Provided records START
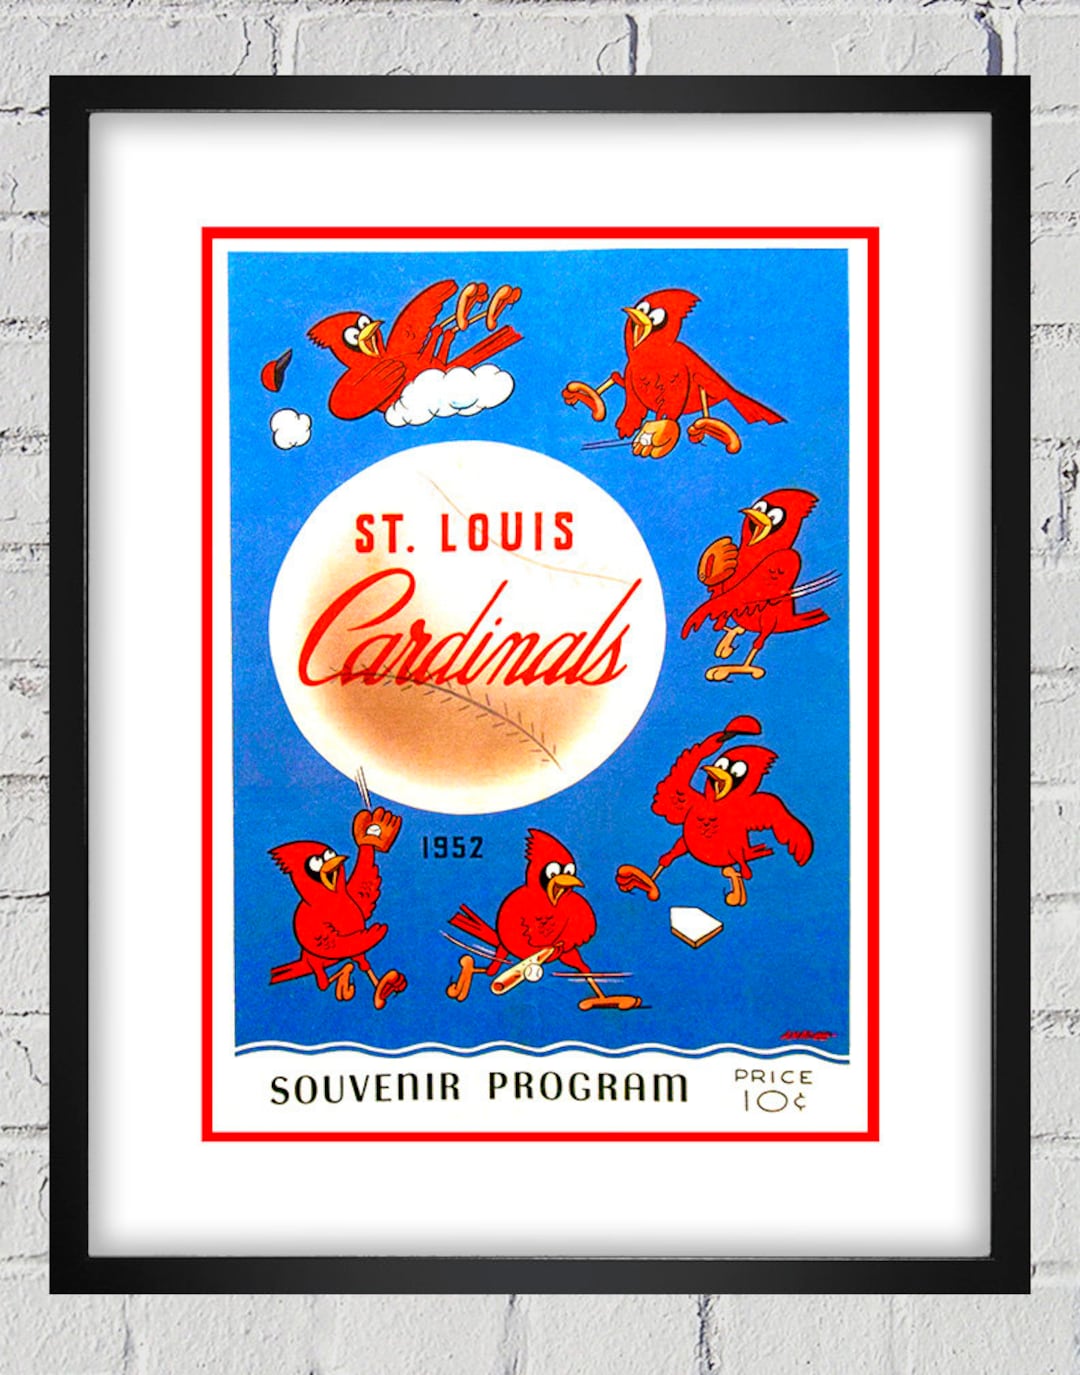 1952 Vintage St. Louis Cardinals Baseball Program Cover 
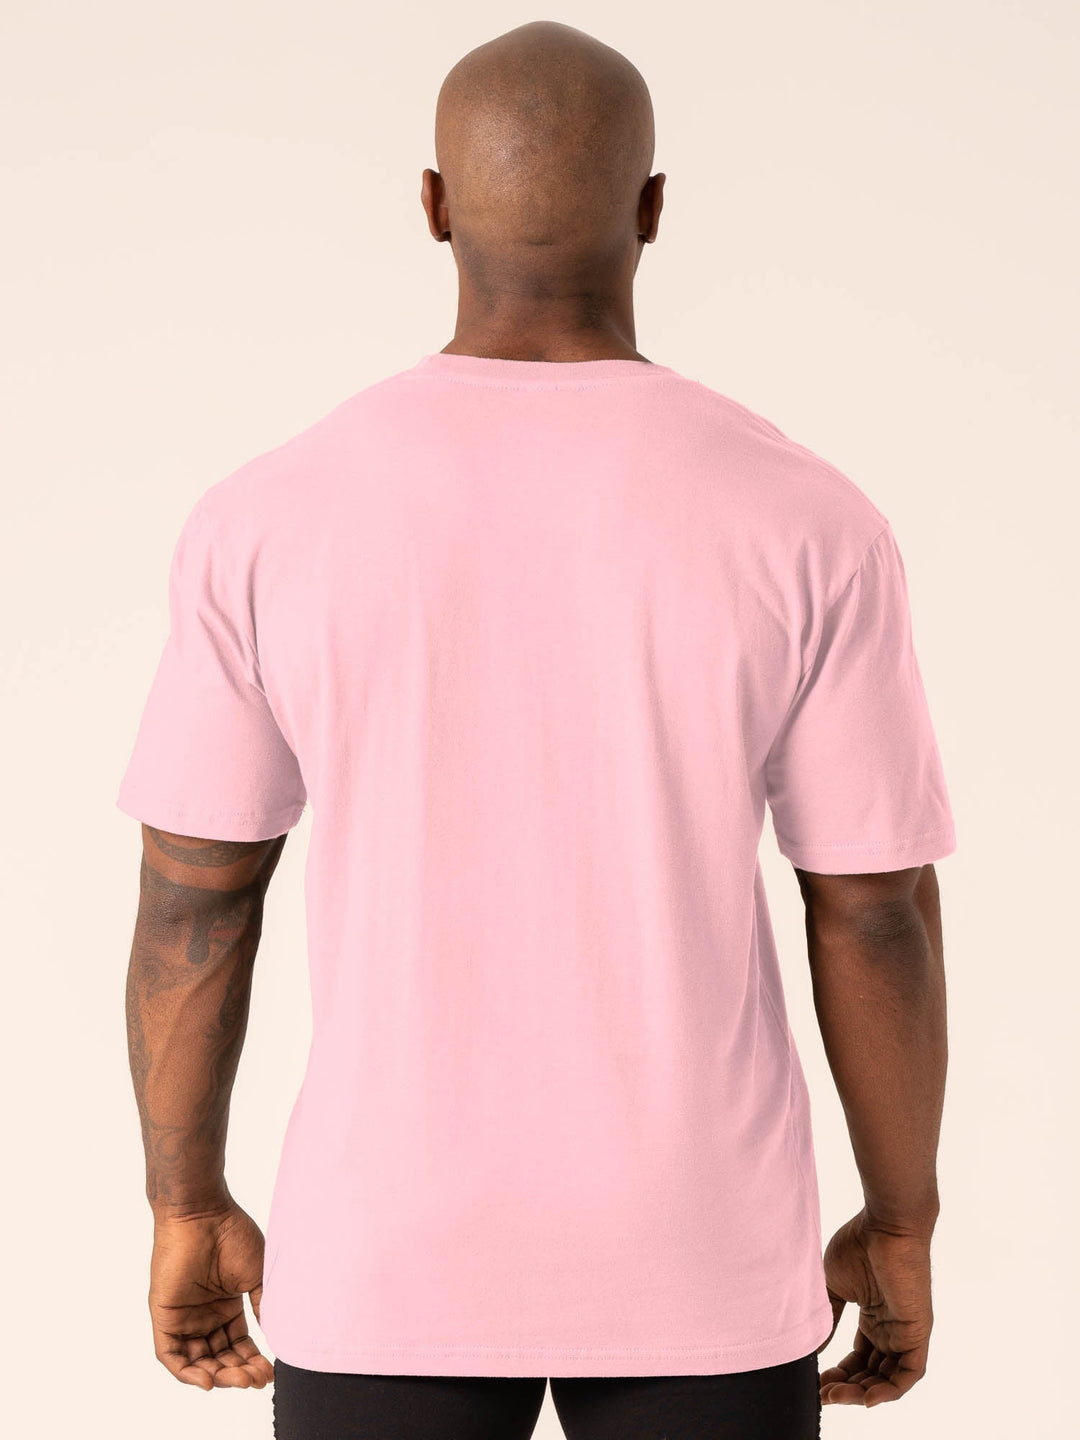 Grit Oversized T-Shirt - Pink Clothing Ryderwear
Provided records END
Provided records START
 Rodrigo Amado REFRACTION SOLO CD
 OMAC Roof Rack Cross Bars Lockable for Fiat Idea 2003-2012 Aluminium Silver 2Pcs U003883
Provided records END
Provided records START
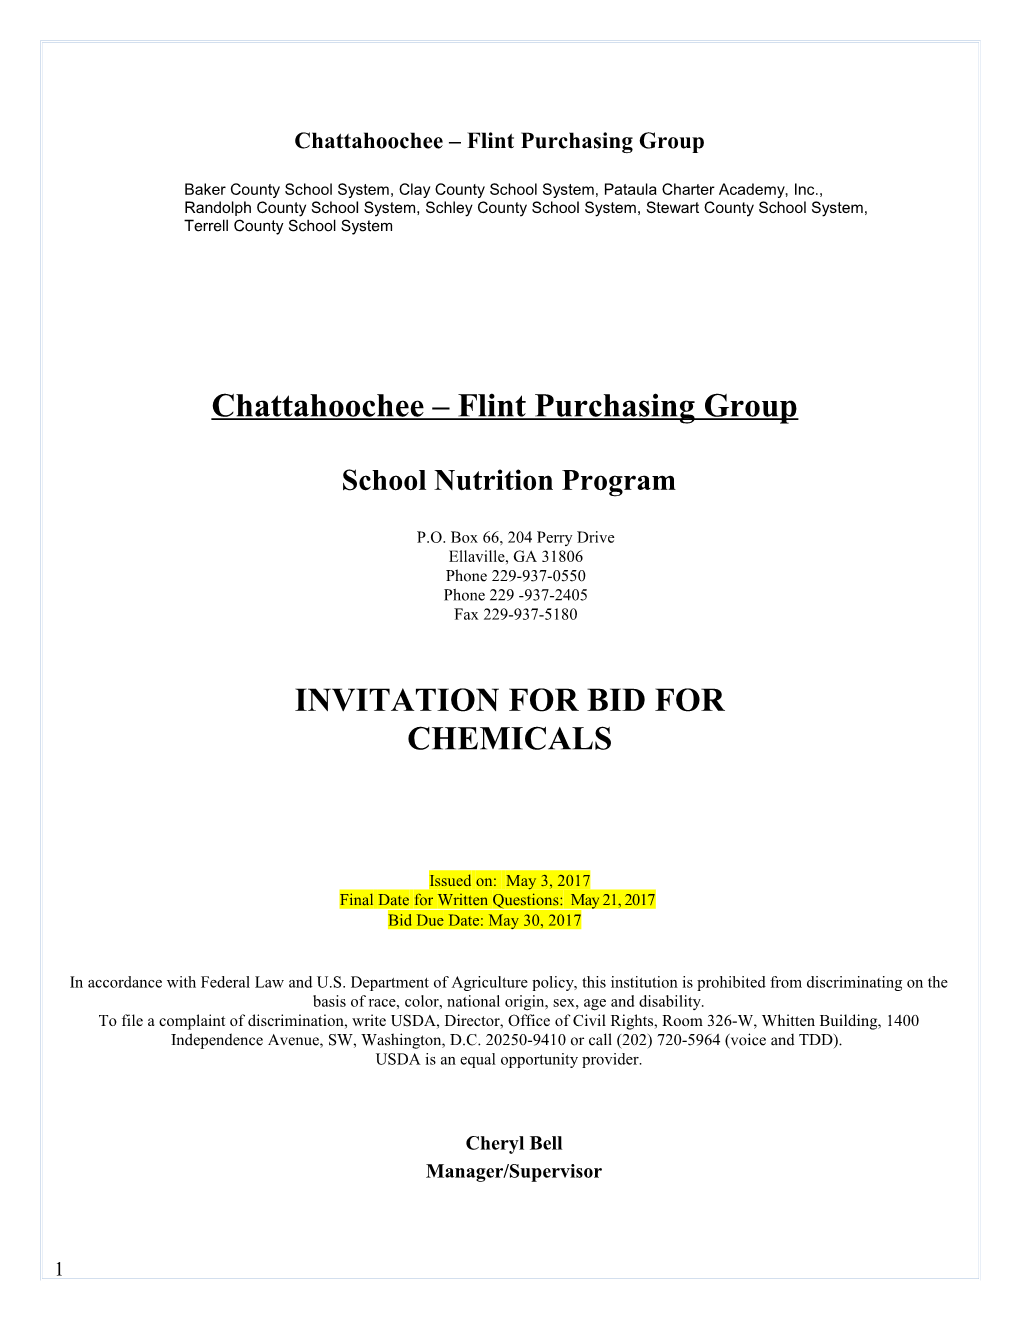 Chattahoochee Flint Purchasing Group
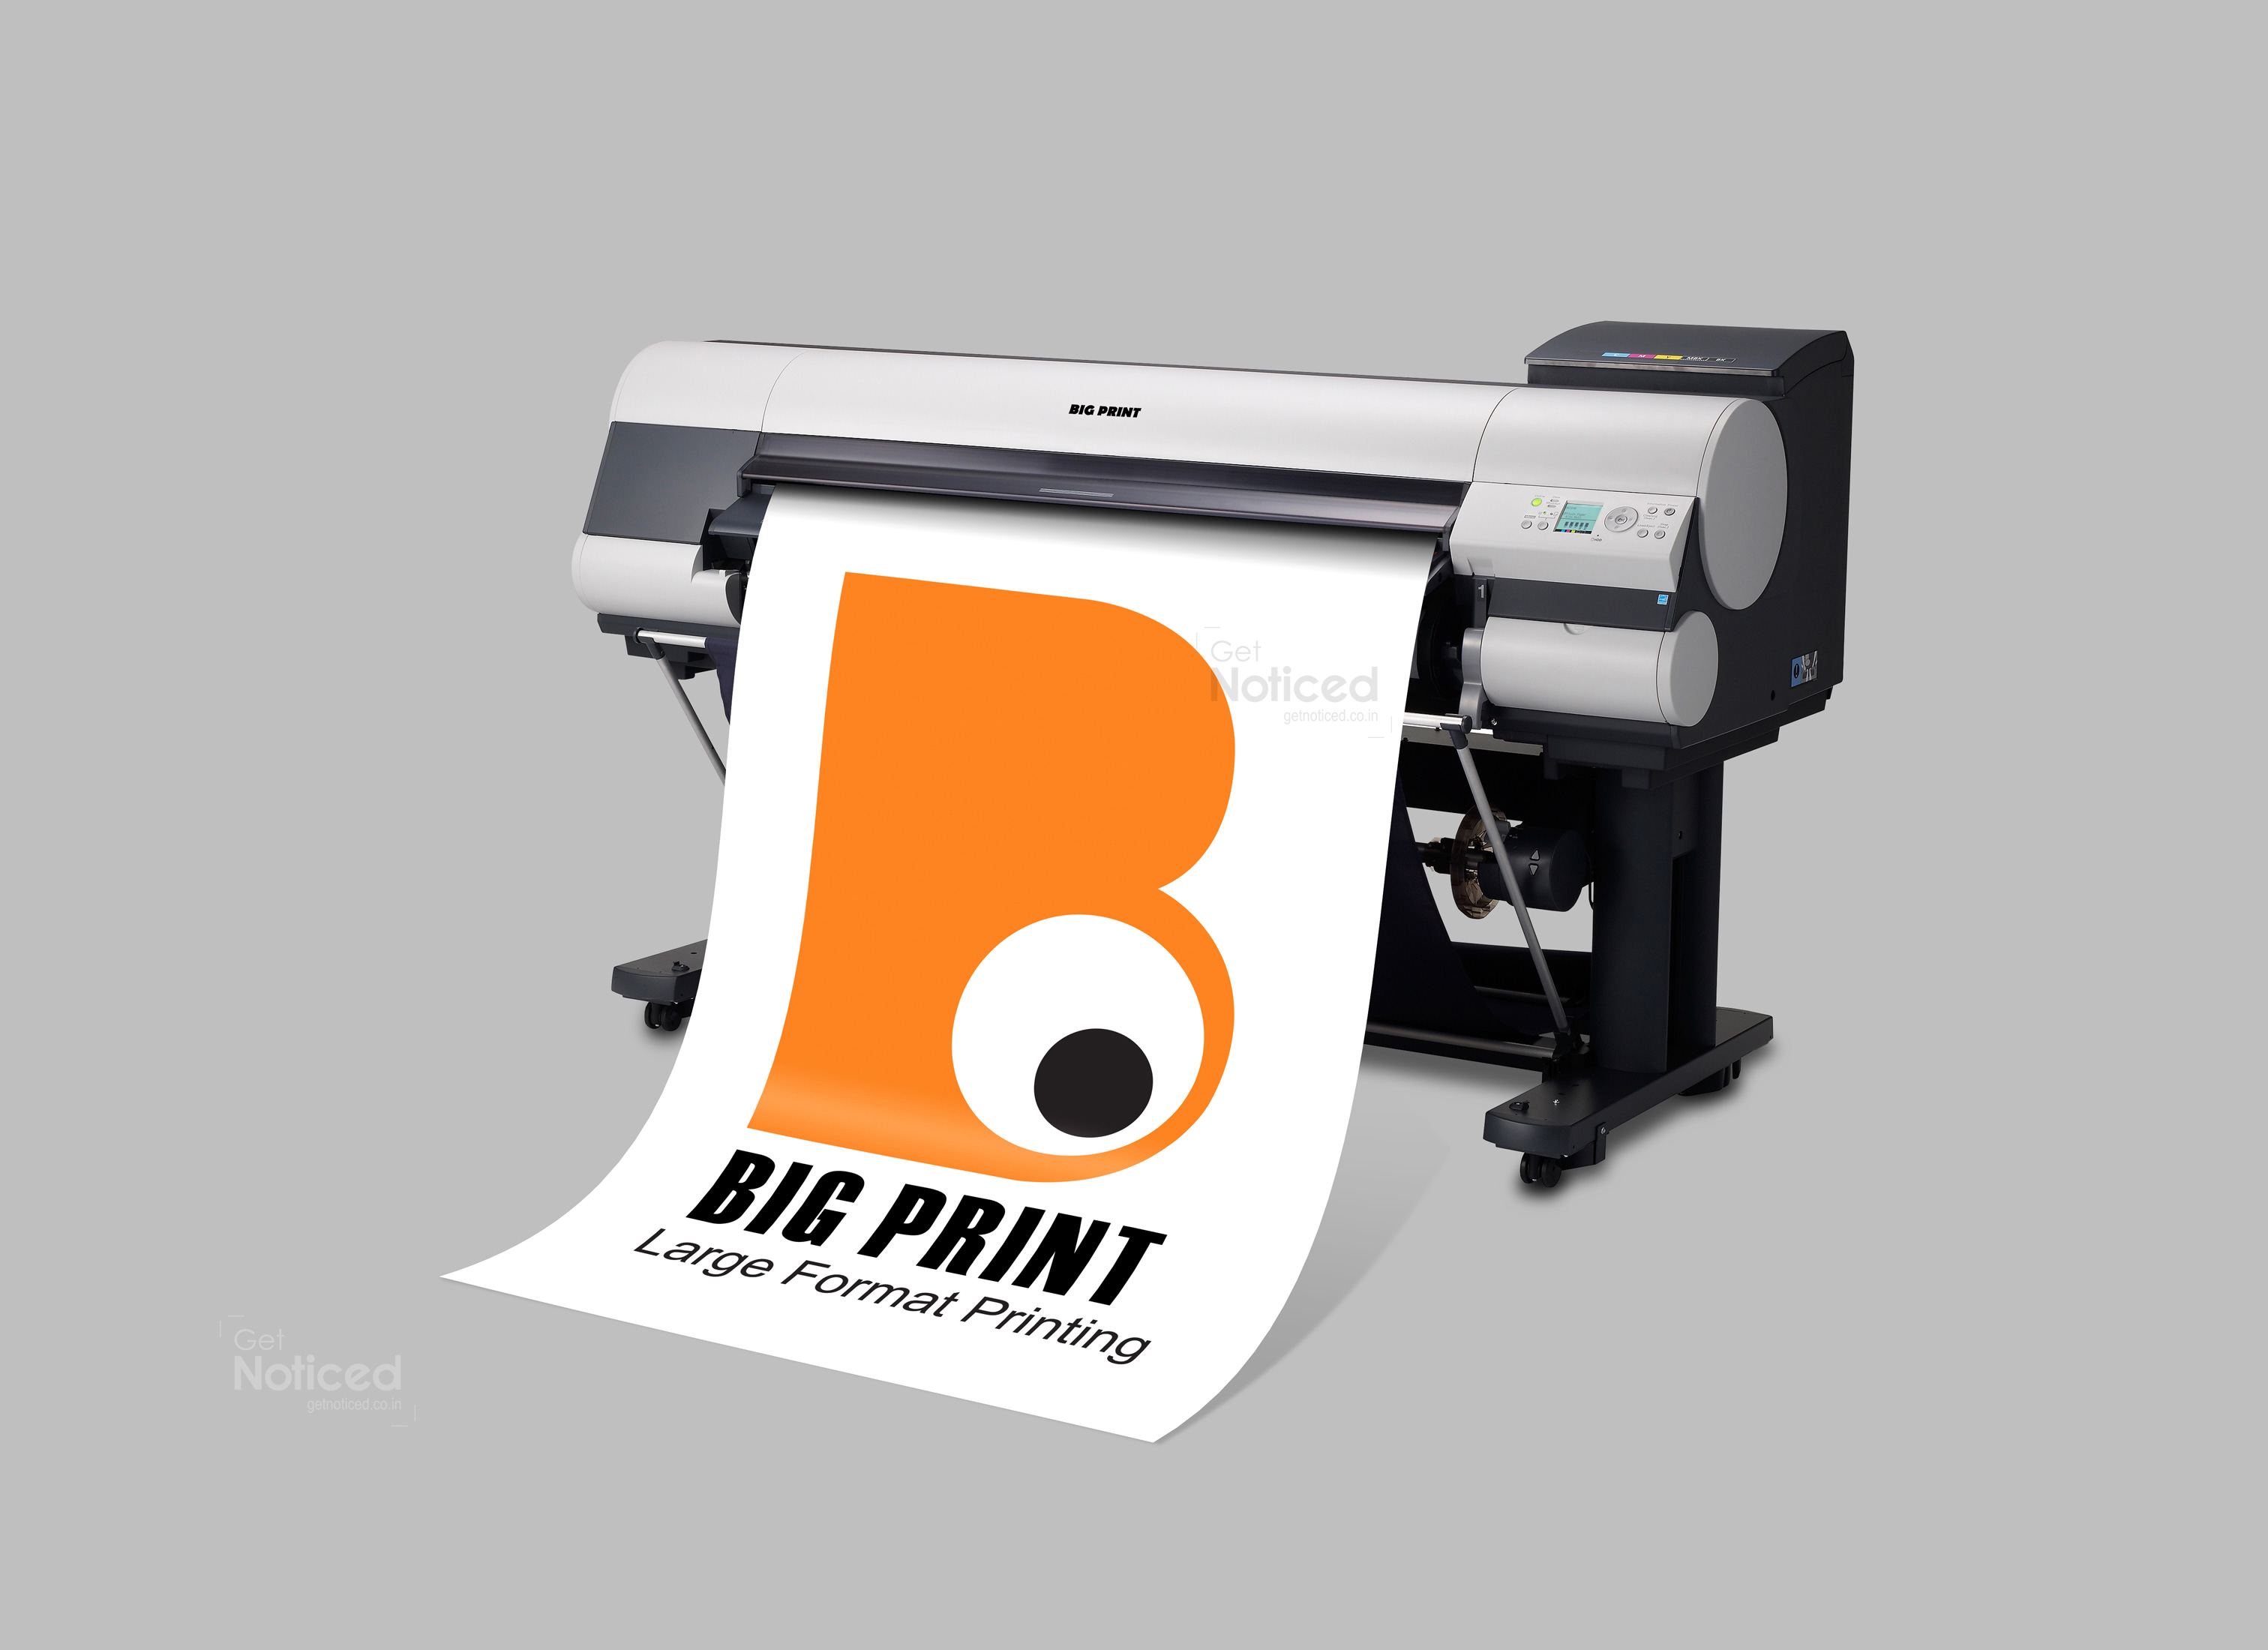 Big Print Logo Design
Provided records END
_Exercise_. Copy exactly the stretch of data above from the line with "Rodrigo Amado REFRACTION SOLO CD" through the line with "OMAC Roof Rack", and omit all other lines.

_Reply to the exercise_.
 Rodrigo Amado REFRACTION SOLO CD
 OMAC Roof Rack Cross Bars Lockable for Fiat Idea 2003-2012 Aluminium Silver 2Pcs U003883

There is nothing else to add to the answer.